_TASK BRIEF:_ Without any of the pictures, set down the data below exactly.

_DATA PROVIDED:_
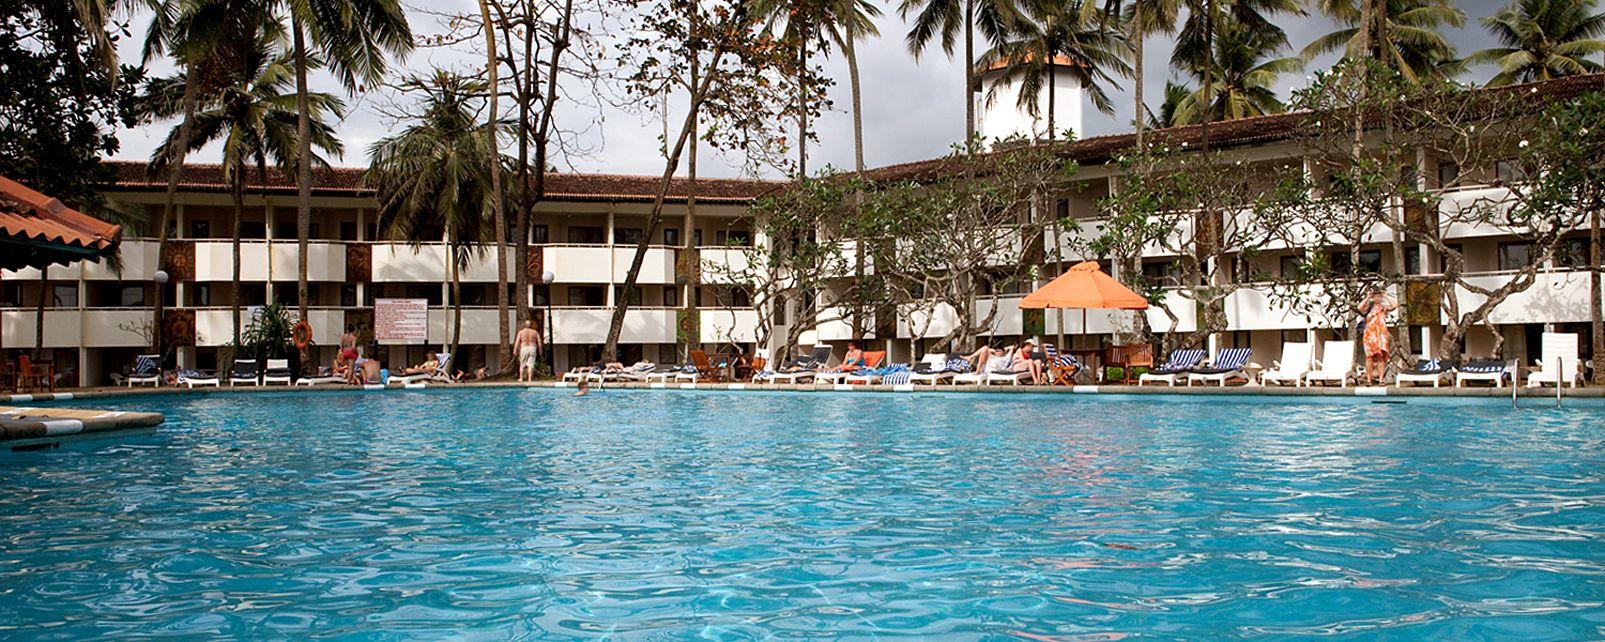 Hôtel Tangerine Beach Hotel Kalutara
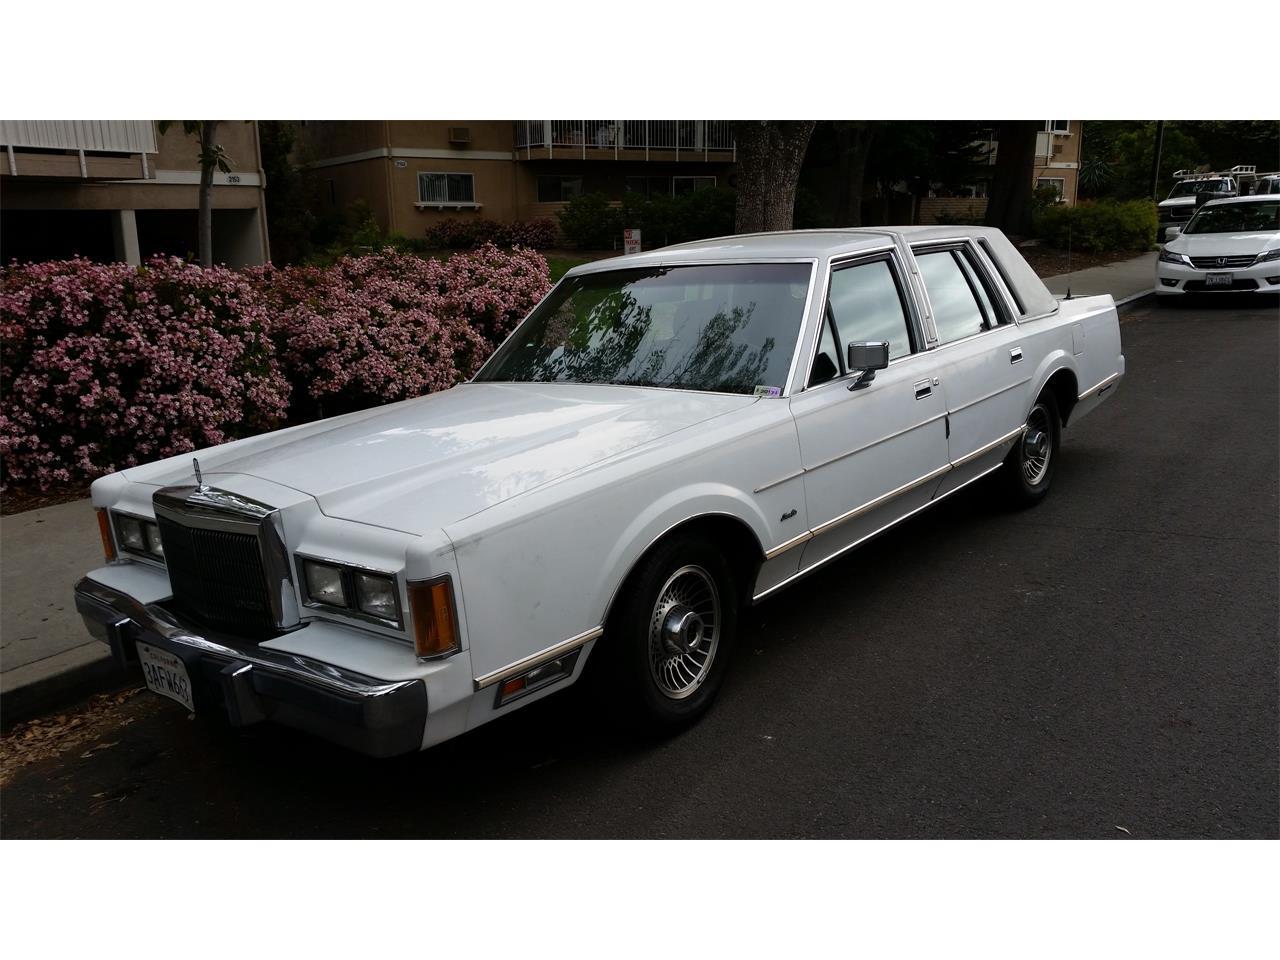 1989 Lincoln Town Car (CC-1208868) for sale in Laguna Woods, California
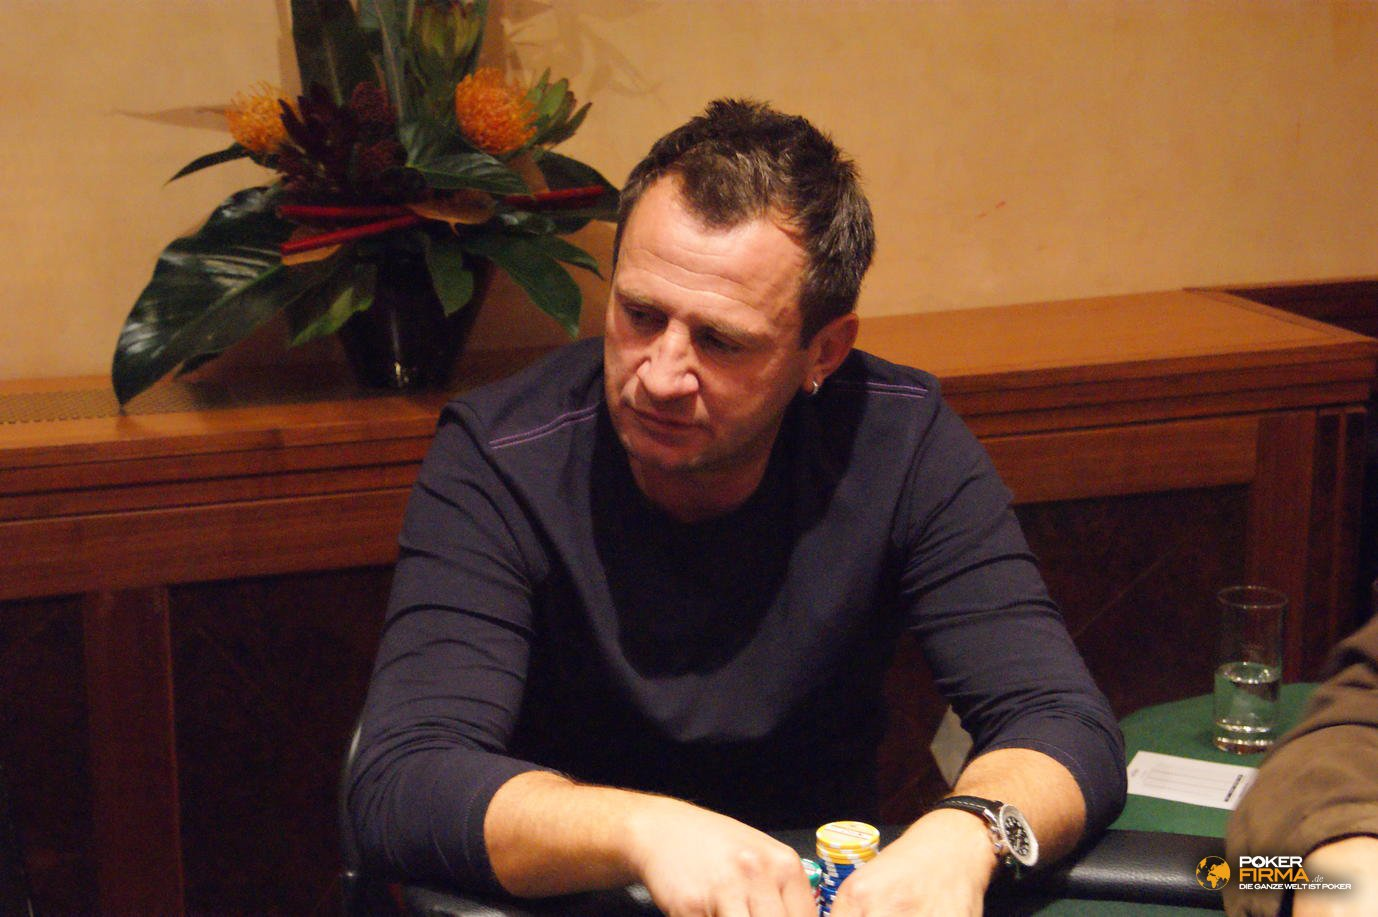 Poker_EM_2000_NLH_251011_Nenad_Markovic

_OUTPUT FOR THIS EXERCISE:_
 Hôtel Tangerine Beach Hotel Kalutara
 1989 Lincoln Town Car (CC-1208868) for sale in Laguna Woods, California
 Poker_EM_2000_NLH_251011_Nenad_Markovic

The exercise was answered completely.